Из этого мы выводим гипотезу о процессе социального контроля, который может быть решающим фактором для возникновения новой структуры власти. Эта книга посвящена не формам доминирования, не власти и силе, но социология власти и доминирования не должна оставлять без внимания фактор зависти, поскольку те, кто подчиняет себя какой-нибудь власти, всегда желают, чтобы другие, которые еще способны ускользнуть от этой власти, также должны были бы подчиниться ей и принять ее требования. Нельзя до конца понять такие феномены, как тоталитарное государство и современные диктатуры, если не учитывать социальные отношения между теми, кто уже подчинился, и теми, кто еще не сделал этого.

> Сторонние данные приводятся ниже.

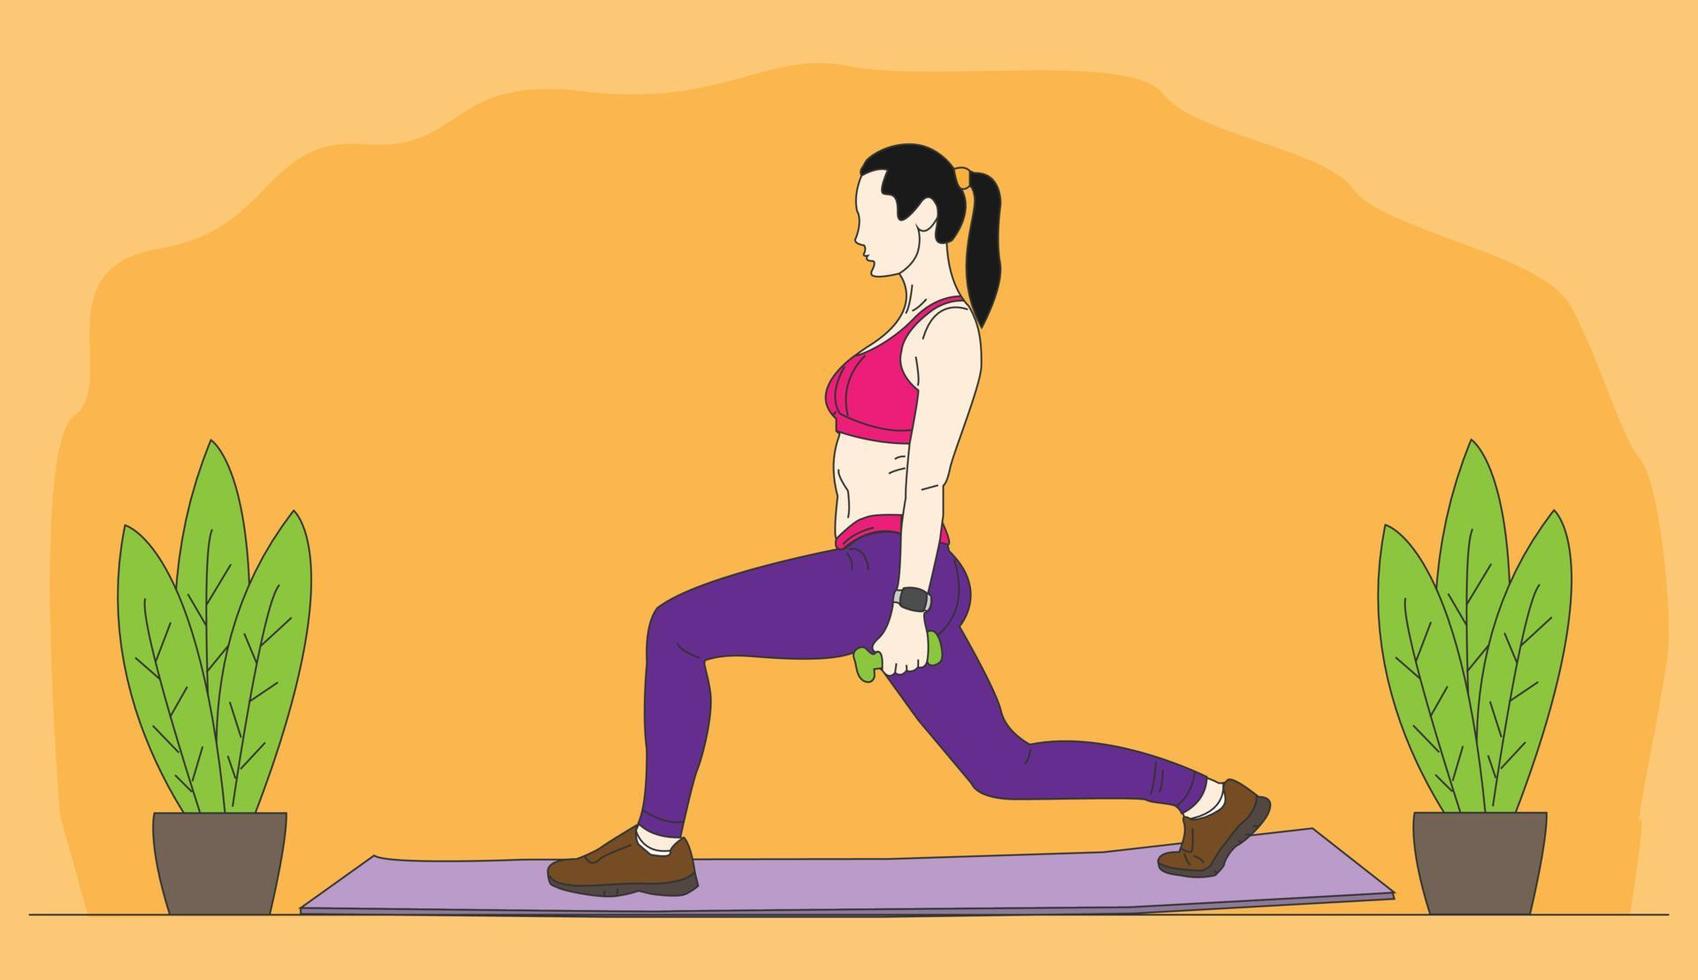 ilustração de uma mulher se exercitando. linda mulher fazendo ioga no tapete. estilo minimalista dos desenhos animados. ilustração vetorial plana vetor

Рассмотрим типичный случай. Возник новый центр власти. Это может быть просто рутинная смена власти, узурпация, приход к власти – законным или незаконным способом – какой-то партии, а может быть, появление нового начальника цеха на заводе или нового офицера в воинской части. Существовавший до этого вакуум (или баланс) власти изменился; существует новый центр власти, все равно, в группе или в индивиде он воплощен, и этот центр власти стремится расшириться и утвердить себя, распространив свою власть на те группы и на тех людей, которые еще не подчинились ему. На этом этапе некоторые индивиды и группы уже поддерживают эту новую власть: из жадности, трусости, глупости или с неподдельным энтузиазмом. Но у тех людей, которые уже подчинились новой власти и не удовлетворены тем, что они вынуждены к ней приспосабливаться, почти всегда развивается чувство сильной враждебности по отношению к тем, кто стоит в стороне, скептически оценивая новую власть и размышляя, продолжать ли оставаться в стороне.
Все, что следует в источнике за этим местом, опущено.